The lid of a pot is revealed – circular, about eight inches in diameter. It must be prized off.

“I last opened this pot seven years ago – a year before you were born.”

The boy is a little awed. “What’s in the pot father? Can I see?”

“This, my son, is the treasure of our house. Begun by your great, great, great….. grandfather…. there are many hundreds of coins, too many to count. The pot is too heavy to lift and was buried here before I was born. I have added to the treasure.”

He reaches in and pulls out a handful of coins, which he lets fall back into the pot like a waterfall.

“Look, here, wrapped in cloth….. this is a special coin. I received it in far Britannia, where I served. It was given to those centurions who upheld the honour of great Rome. We’ll take it home for a good look in the morning.”

Roman bronze coin of Hadrian, before cleaning
Left: How the coin looked unwashed and untouched for 1700 years; Right: As it appears today (2015).

They replace the lid and cover the pot. As they walk back to the small villa, they are quiet, both lost in thought.

They sit again by the fire and the father shows the coin to the son. “See here, this figure – it is the great Emperor Hadrian. He speaks to these battle commanders and here behind them are the massed armies of Britain.”

The boy looks at the coin, eyes wide and mouth open.

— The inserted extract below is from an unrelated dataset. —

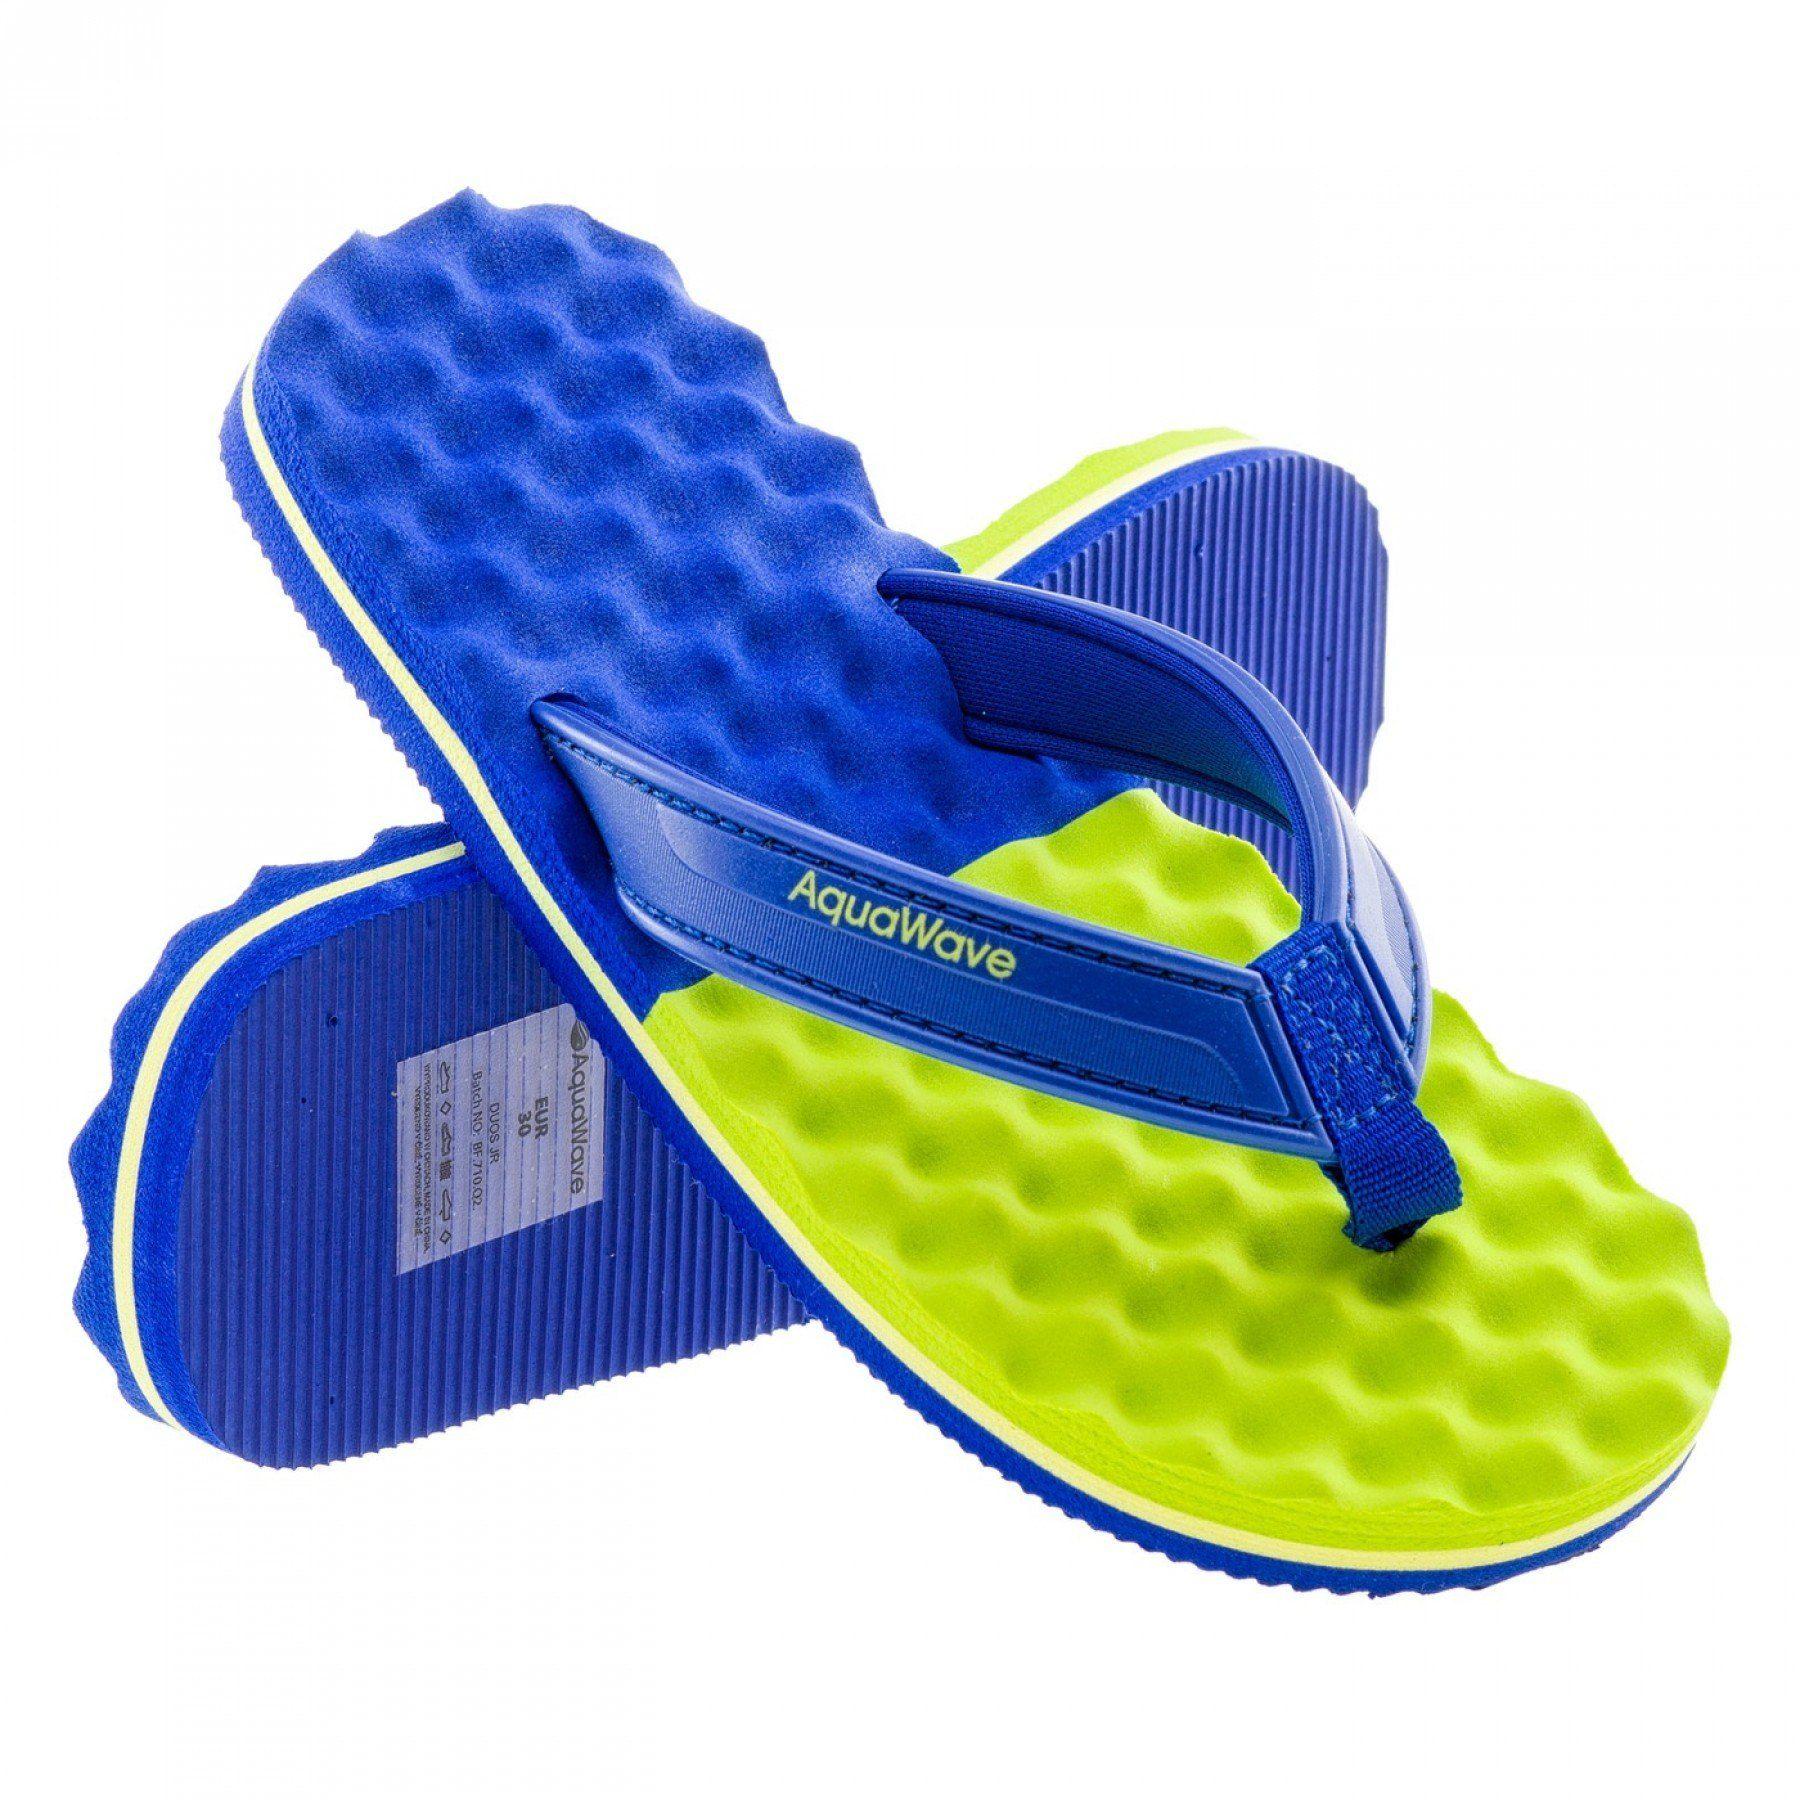 buty na lato dla dziecka

“Father – it’s the story, the story you told me, with the cheering and the red cloaks flapping”.

His father replies. “Yes son, it was a great day. The greatest of my life.”

That night, the boy dreams. Of the wall, the great emperor, the massed armies and the cheering…

The next day…

“Now son, when the sun has gone down and the moon is up, we’ll go again to the pot in the field. Remember well how to find it – the Cyprus trees, and the peak of the hill under the aqueduct arch? We will replace this fine coin. I’ve put many coins there in my lifetime, more than 100. Our ancestors put uncounted more. You will do the same, and your son after you and his son after him, until the time of our family’s greatest need.”

The scene shifts to nearly three centuries later.

The old centurion and his son, and his son in turn, are buried in the family cemetery. The Huns have crossed the Danube, marauded through Pannonia and ridden their horses down the Via Triana. They are close to the old centurion’s village – still home to his descendants, one of whom is a centurion himself and the mirror image of his ancestor.

The young centurion is away fighting for Rome in far Tunisia. We see the Huns riding their horses, the family village and finally the villa itself in flames. The slaves flee and refugees crowd the road.

The next scene is one of smoking ruins, scattered bodies, and moonlight. Of Cyprus trees, an aqueduct, and the peak of a hill beneath it.

Roman bronze coin of Hadrian, restored 2015 - obv
Portrait of Hadrian Augustus (ruled 117-138) on obverse.

The young centurion never returns. He dies in battle and the very last scene is his funeral in far off North Africa.


A Note on the Coin

The importance of this Bronze coin was demonstrated when Richard Adby, Joe Cribb Keeper of Coins at the British Museum, requested to have it on the display until the end of 2010, the coin being one of Britain’s–and the world’s–rarest coins. It was acquired in 1980 when the inimitable Dr.Leo Mildenberg stated that this was the rarest Roman Bronze he had ever had.